SP 500 Earnings: “Upside Surprise” Very Strong / 2-Year Treasury Yield Tells All

The “upside surprise” or beat rates for Q1 ’23 SP 500 earnings are quite strong, with the recent IBES by Refinitiv data showing the SP 500 EPS beating by 7.7% as of last night’s close (Thursday, 4/27/23) while SP 500 revenue is beating by +1.5%.

For some context, Q4 ’22 SP 500 EPS upside surprise rate was just 1%, while the SP 500 revenue upside surprise was +1.6%.

267 companies have report Q1 ’23 earnings per Refinitiv.


This blog cut-and-pastes this graph from the Refinitiv, “This Week in Earnings” report on occasion, to give readers a visual on how the actual trend in net income looks for the SP 500. (Refinitiv refers to this as the “share-weighted earnings” graph, but if you look at the Y-axis, it sure looks like that is “net income” along that vertical line.) This graph was cut-and-pasted from today’s (4/28/23) “This Week in Earnings Report”.

This graph was cut-and-pasted from the Jan 27th, ’23 report after big tech reported their results.

See the difference ?

SP 500 data:

  • The forward 4-quarter estimate for the SP 500 increased a whopping $0.05 to $225.91 from last week’s $225.86 estimate.
  • The PE ratio on the forward estimate is now 18.5x versus 3/31’s 18.6x and 12/31/22’s 17.2x;
  • The SP 500 “earnings yield” as of this week’s end is 5.42% versus 3/31’s 5.37% and 12/31/22’s 5.81%

Weekly Change in Quarterly Growth Estimates for SP 500:

This table is helpful for readers to see the trend in quarterly SP 500 EPS and revenue.

Note the jump in Q1 ’23 EPS and revenue columns this last week.

Also note the trend in Q4 ’23 “expected” EPS and revenue trends, which have been remarkably stable in Q4 ’22 and Q1 ’23. (This blog posted on this expected Q4 ’23 growth rate behavior in March ’23 here.)

2-year Treasury yield into Wednesday’s FOMC meeting: 

With the recent hotter inflation data (yesterday’s Q1 ’23 GDP deflator and this morning PCE Core), I was expecting the 2-year Treasury yield to head higher but as the attached chart from YCharts indicates, the 2-year Treasury has been hugging the 4% area since Silicon Valley Bank (SIVB) blew up. (What was surprising looking at the chart was that at one point “pre-SIVB”, the 2-year Treasury ticked above a 5% yield in early ’23.)

Looking at CME’s FedWatchTool, there is an 80% chance the FOMC hikes the fed funds rate another 25 bp’s on Friday, but – interestingly – the June 14th, 2023 futures, show the FOMC holding pat.

Can Fed Chair Jay Powell be hawkish and dovish in the same press release ?

For financials to work, the yield curve has to return to a normal slope, and that can only come from a lower fed funds rate, not necessarily higher, longer-maturity yields, since we would have seen that happen by now.

Trinity’s technician has talked about the KRE (regional bank ETF) holding $41, which is did this week, despite the bottom falling out of First Republic. The XLF (financial sector ETF) also looks to have bottomed.

Wednesday afternoon it’s “inflation vs regional bank risk” – which narrative prevails ?

Summary / conclusion: The SP 500 EPS upside surprise rate is way strong in Q1 ’23. A longer post will be done on the data, just so readers can see the history.

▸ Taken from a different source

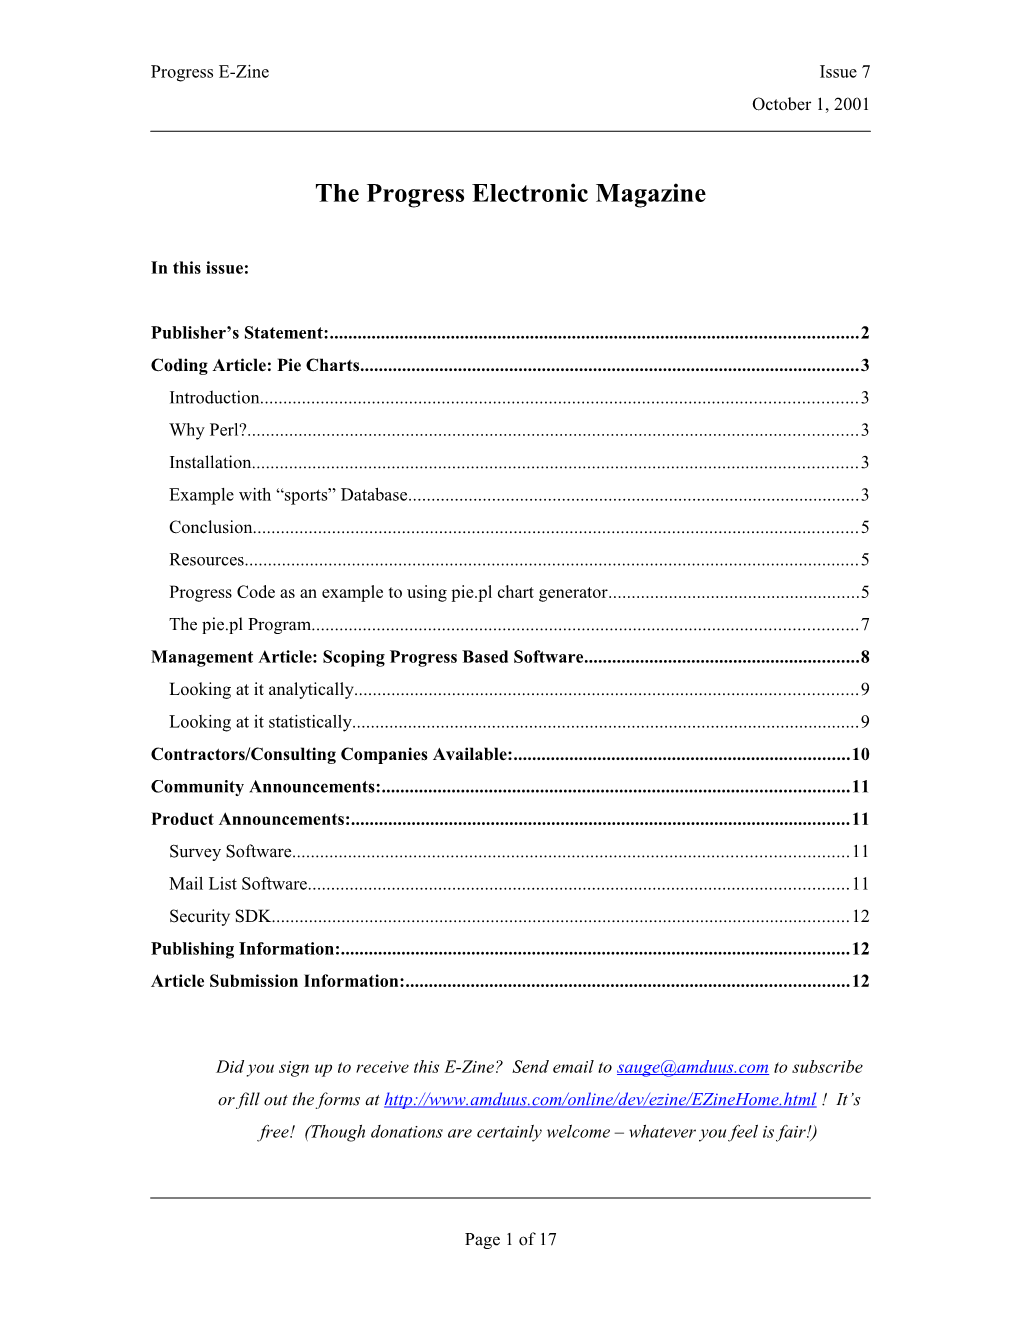 The Progress Electronic Magazine

There is only one sector that isn’t beating the estimates and that’s Real Estate with a -0.9% downside surprise rate. Consumer Discretionary (think Tesla and Amazon) has a whopping 21.6% upside surprise rate per Refinitiv, on a 3.1% revenue beat rate. (The only caveat being that this data might NOT include Amazon since Amazon reported Thursday night after the bell, April 27th, 2023, and typically the Refnitiv data cuts off as of Thursday night each week.)

No question the bearish expectations heading into earnings season significantly underestimated the SP 500 earnings strength, particularly in the consumer discretionary and technology sectors.

Bespoke has long written – for years – that earnings expectations coming into the reporting period are a good contrarian indicator of how earnings will actually perform relative to the consensus estimate.

A couple of pundits commented that the consensus, calendar, 2023 and 2024 SP 500 EPS estimates actually ticked higher this week, but don’t get overly excited yet: both those estimates are still down from the March 31 ’23 EPS estimates.

Take this all with a healthy skepticism. Past performance is no guarantee of futures results. All data is sourced from IBES data by Refinitv, although the data is taken and tracked, measured or otherwise manipulated on my own spreadsheets. Capital markets can change quickly for both the good and the bad. Be sure and have an understanding of your own appetite for market volatility.

Thanks for reading. More to come over the weekend.